* [Problem to solve]:
Restate word for word the lines of the entries below, starting with the line that holds "Nayt Fingerless Glove" and ending with the line that holds "Food Photography Basics by claremanson", and no others.

* [Stored data]:
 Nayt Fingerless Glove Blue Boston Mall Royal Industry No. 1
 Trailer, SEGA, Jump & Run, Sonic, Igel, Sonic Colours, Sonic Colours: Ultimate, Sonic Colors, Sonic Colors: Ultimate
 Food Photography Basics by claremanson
--
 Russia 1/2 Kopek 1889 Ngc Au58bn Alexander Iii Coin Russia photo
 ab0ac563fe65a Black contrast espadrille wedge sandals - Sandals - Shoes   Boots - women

* [Problem solution]:
 Nayt Fingerless Glove Blue Boston Mall Royal Industry No. 1
 Trailer, SEGA, Jump & Run, Sonic, Igel, Sonic Colours, Sonic Colours: Ultimate, Sonic Colors, Sonic Colors: Ultimate
 Food Photography Basics by claremanson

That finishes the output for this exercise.